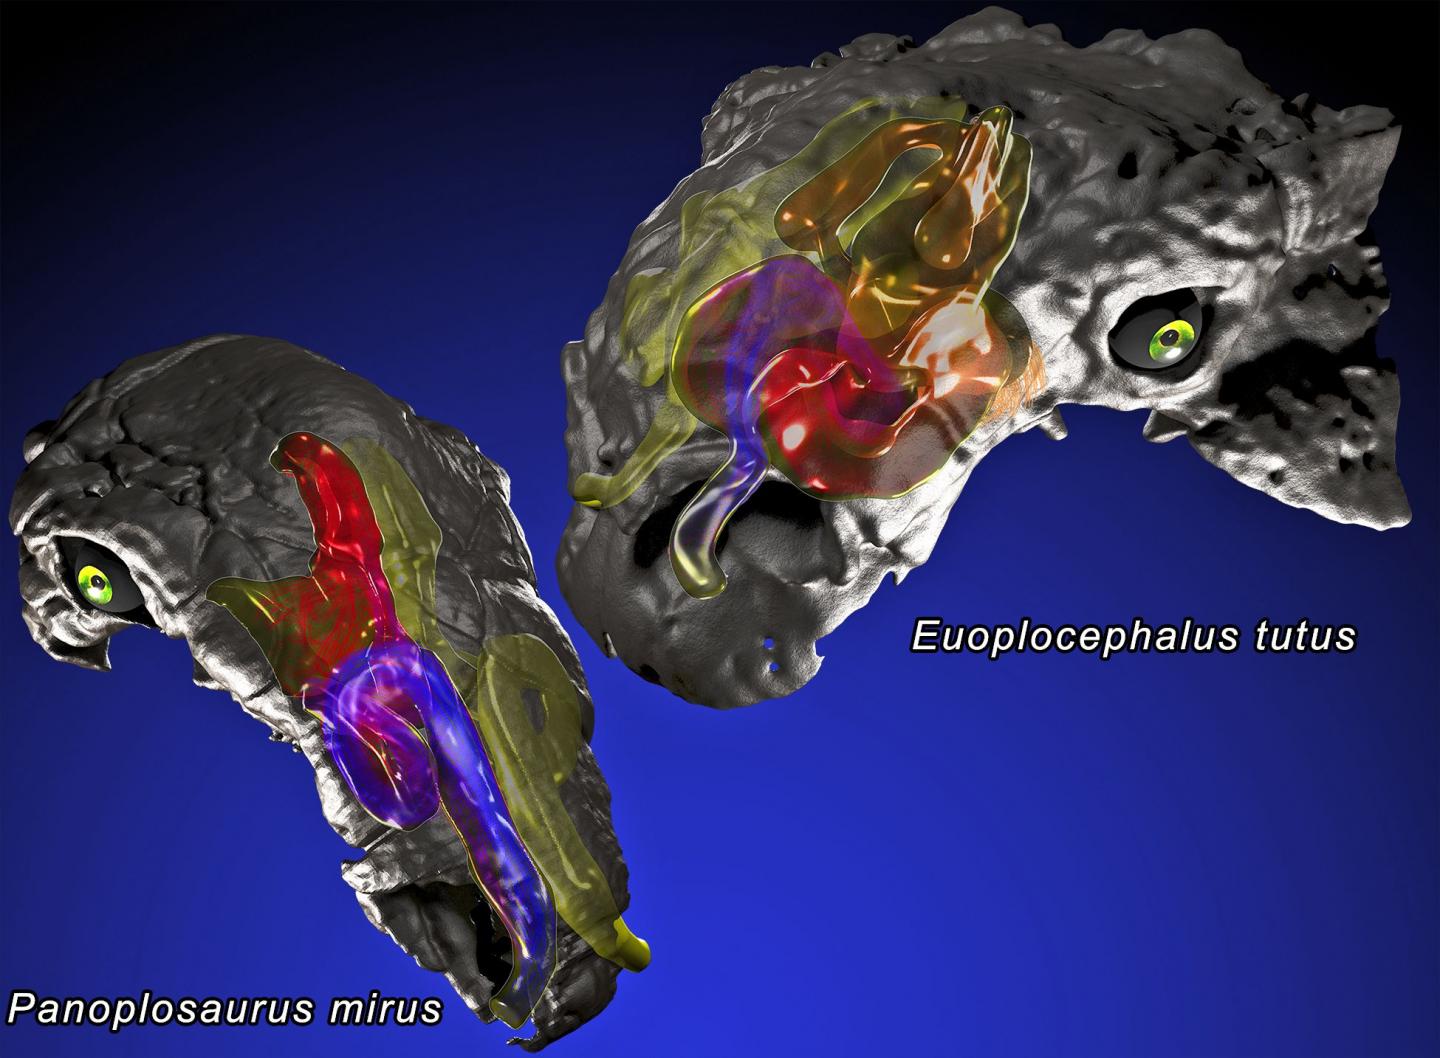 Ankylosaurs Likely Regulated Body Temperature with Elaborate Nasal Passages
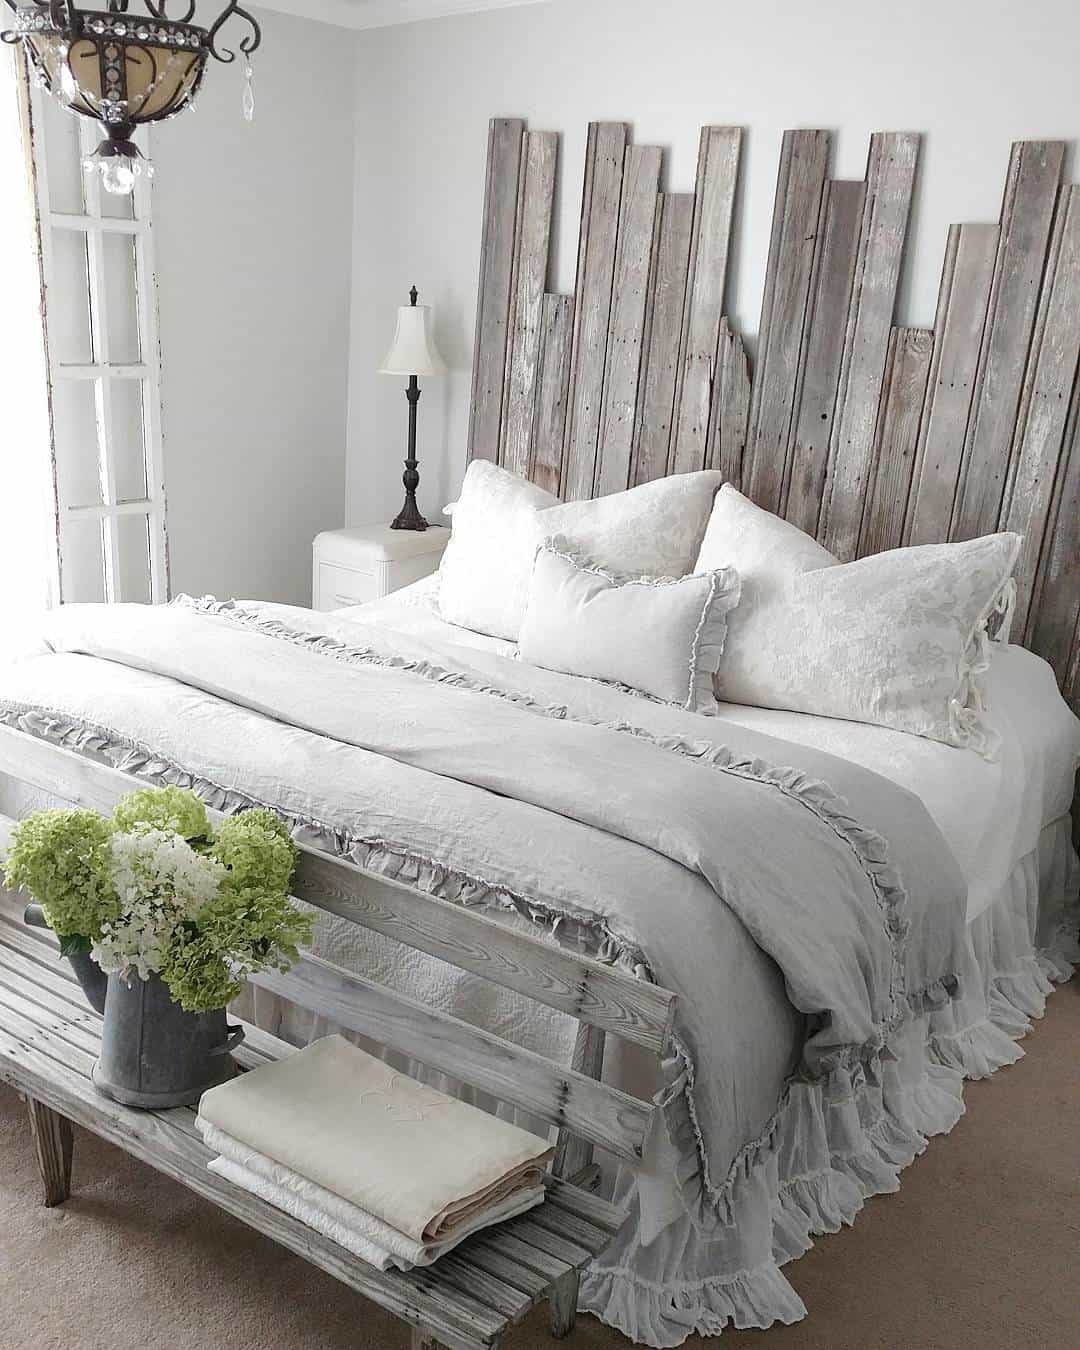 Guest Bedroom Color Palettes That Will Make Your Guests Feel At Home
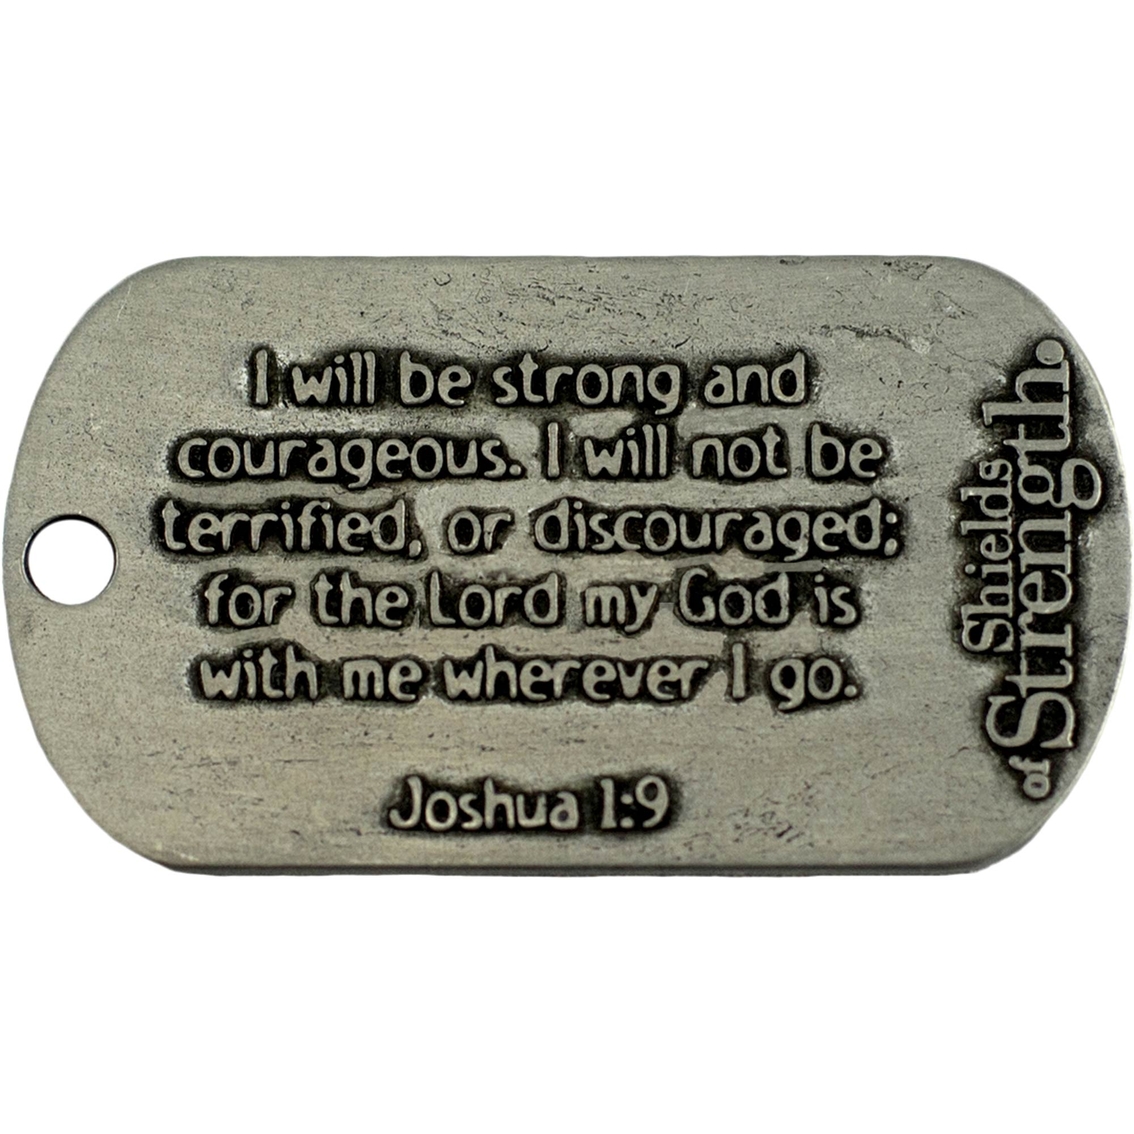 Shields of Strength Military Dad Antique Finish Dog Tag Necklace, Joshua 1:9 - Image 2 of 2

- Instructions to follow
Omit the pictures. Repeat the rest of the data exactly.

- Problem solution
 Ankylosaurs Likely Regulated Body Temperature with Elaborate Nasal Passages
 Guest Bedroom Color Palettes That Will Make Your Guests Feel At Home
 Shields of Strength Military Dad Antique Finish Dog Tag Necklace, Joshua 1:9 - Image 2 of 2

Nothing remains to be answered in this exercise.